恋人の余韻のレビュー一覧
5.0
すごく繊細で、しなやかで、それでいて彼女の心の動きまで、手に取るように分かるという不思議な作品です。
えてしてこの手の題材は気を付けないとならないのに、ここまで品よく書かれてあると感服しかないです。
感情高ぶるまま話す彼女に対する彼氏の言動は、とても別れ話を切り出されたとは思えない冷静で分析されたもの。
作者様の質の高い文章力が、彼女の心とそれを見透かす彼氏の情景を見事に描き出しています。

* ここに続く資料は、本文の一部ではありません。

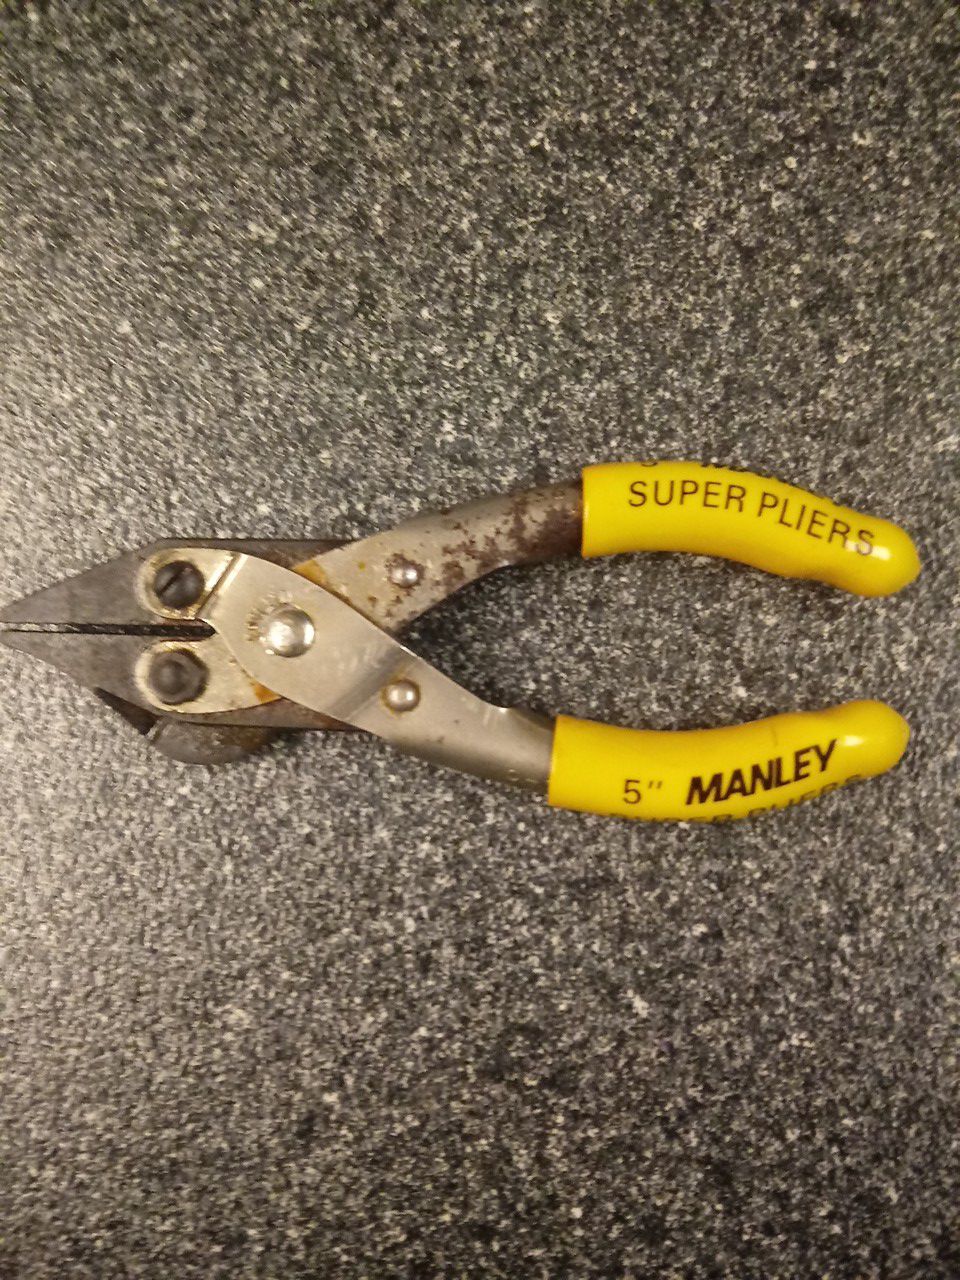 Manley 5" super pliers fishing gear

いろんな背景や展開を想像させられる余韻が漂う作品、是非読んでください。
内容は短い為に言いません。性とは、何か? 恋人とは何か?を非常に高い文章力で、表現した作品。 驚きました。嬉しい驚きです。
内容は短い為に言いません。性とは、何か?
恋人とは何か?を非常に高い文章力で、表現した作品。
驚きました。嬉しい驚きです。
タイトルを裏切らない内容に
読み終えた後
まさしく、余韻に浸っていました
私ならどうするだろう?
と、
主人公の立場になってみたり
主人公の恋人の立場になったり
はたまた
主人公が想いを寄せる相手になったり…
このページ数にして
ここまでストーリーに
引き込んでしまう作者さんの
文章力、圧巻です!
是非、お薦めします!
このページ数でこの余韻!
ディープな話題なのに後味はすっきり。
もっと読みたい!と思わせてくれる味わい深い短編です。
あ、読み終えたら小籠包が食べたくなります。
『希伊菜』は性嗜好が曖昧で、異性の恋人『夏目くん』が居ながら、同性の同僚『舘野さん』に惹かれて行く事を抑えられない。
心情を吐露し、夏目くんに別れ話を切り出すも、彼の応対は希伊菜の予想を斜め上に躱すものだった。
彼が提示したのは『現状維持』希伊菜の片恋の結末次第でどうにでも出来るというものだった。
此処に、想いの在り様が如何に千差万別であるかが提唱されている。
燃え盛り塵と消える恋も。
密やかに淡くくゆる恋情も。
どういった形も無しではない。
希伊菜と夏目くんの恋の先行きは、敢えて描かれぬ幕引きであるけれど。
この恋は、そしてその様は、まるで『何れ気化して無くなる杯の中の常温水』の様に感じた。
切ないとも暖かいとも異なる。
不思議な想いの交錯を、垣間見るのも一興か……
夏目くんが素敵だなあというのが、初読の感想です。二人の関係を、彼女の本質を、冷静に見ることが出来る。ともすれば動揺し、激昂するであろう告白に的確な返しをする夏目くん。素敵すぎです。最初は夏目くんばかりを見ていたといっても過言じゃありません。
次に、全体の雰囲気に惹かれました。夏目くんの性格もあるのでしょうが、穏やかな時を刻んできた二人の間に流れる空気がとても心地よかった。
あんな空気を描けるなんて、その筆力をうらやましく思います。
彼女がどういう結論に達するのかは読者にゆだねられますが、私は夏目くんと終わらないよう、強く願っています。
静かなやり取りの中に、主人公の心の動きが見事に描かれています。
好きというどうしようもない気持ちと、冷静で現実的な判断は、どこでどう折り合いをつけるのか。